Vanishing Gradient

The vanishing gradient problem in Recurrent Neural Network is a common issue that arises when training RNN using gradient optimization techniques. It occurs when the gradients of the loss function become too small to effectively update the weights. This makes it difficult for the network to learn long-term dependencies.

1. The main reason

– Activation functions like sigmoid or tanh produce small derivatives (values near 0).

– When gradients are propagated backward through multiple layers, they are repeatedly multiplied by these small values, causing them to shrink exponentially.

– In deep networks, the chain rule of differentiation results in gradients being a product of many small derivatives.
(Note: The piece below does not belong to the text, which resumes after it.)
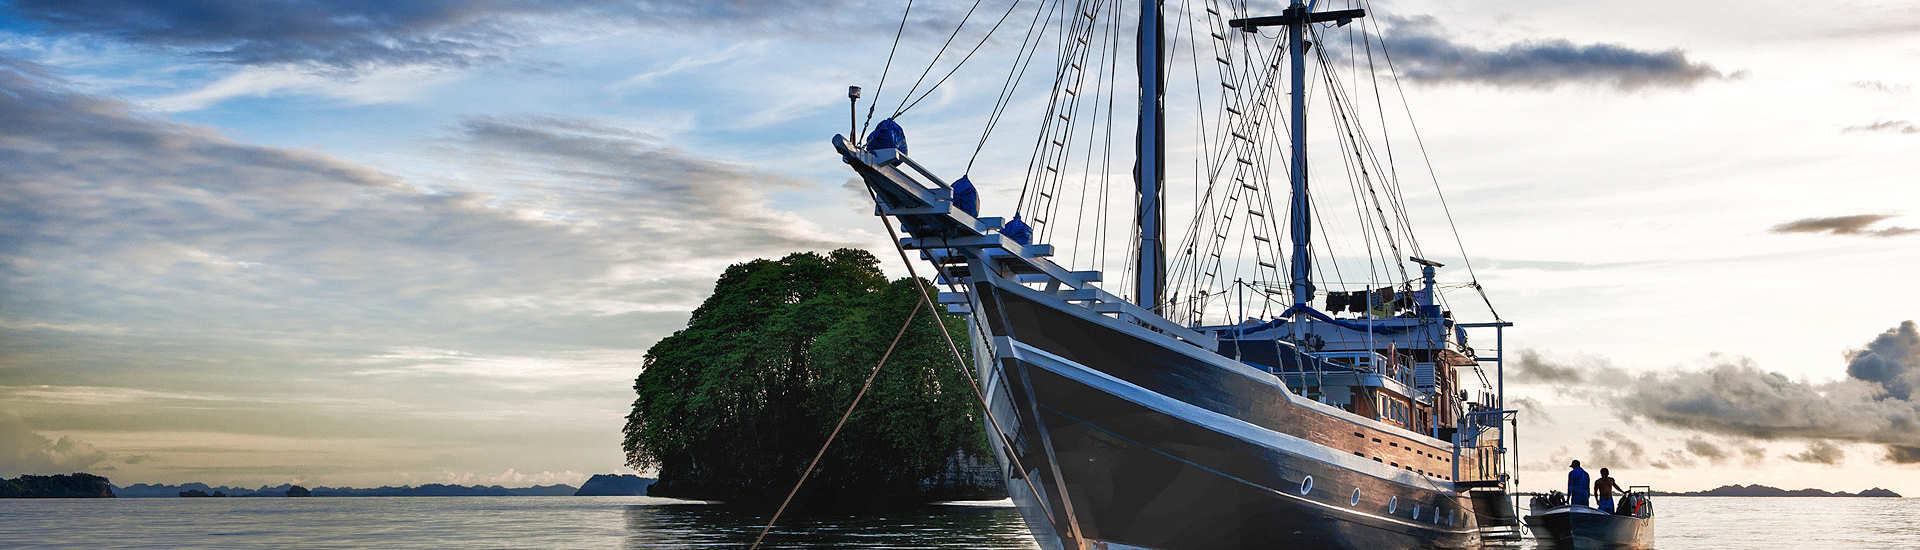 MSY Seahorse – Tauchsafaris Raja Ampat

This exponential decay in gradient size leads to vanishing gradients.

2. Basic example

2.1. Network setup

A 2 layers neural network.

Sigmoid activation function.
\(x = 1\), \(W_1 = 0.5\), \(W_2 = 0.5\), \(y = 1\)

2.2. Forward Pass

2.2.1. First layer output

\[h = \sigma(W_1 \cdot x)\]

\[ \Rightarrow h = \sigma(0.5 \cdot 1) = \frac{1}{1 + e^{-0.5}} \approx 0.622 \]

2.2.2. Second layer output

\[ \hat{y} = \sigma(W_2 \cdot h) \]

\[ \Rightarrow \hat{y} = \sigma(0.5 \cdot 0.622) = \frac{1}{1 + e^{-0.311}} \approx 0.577 \]

2.2.3. Loss function

Use the Mean Squared Error (MSE):

\[ L = (\hat{y} – y)^2 \]

\[ \Rightarrow L = (0.577 – 1)^2 \approx 0.179 \]

2.3. Backward Pass

To update \(W_1\), we calculate the gradient by using the chain rule:

\[ \frac{\partial L}{\partial W_1} = \frac{\partial L}{\partial \hat{y}} \cdot \frac{\partial \hat{y}}{\partial h} \cdot \frac{\partial h}{\partial W_1} \]

2.3.1. Gradient of loss with respect to output

\[ \frac{\partial L}{\partial \hat{y}} = 2 (\hat{y} – y) \]

\[ \Rightarrow \frac{\partial L}{\partial \hat{y}} = 2 (0.577 – 1) = -0.846 \]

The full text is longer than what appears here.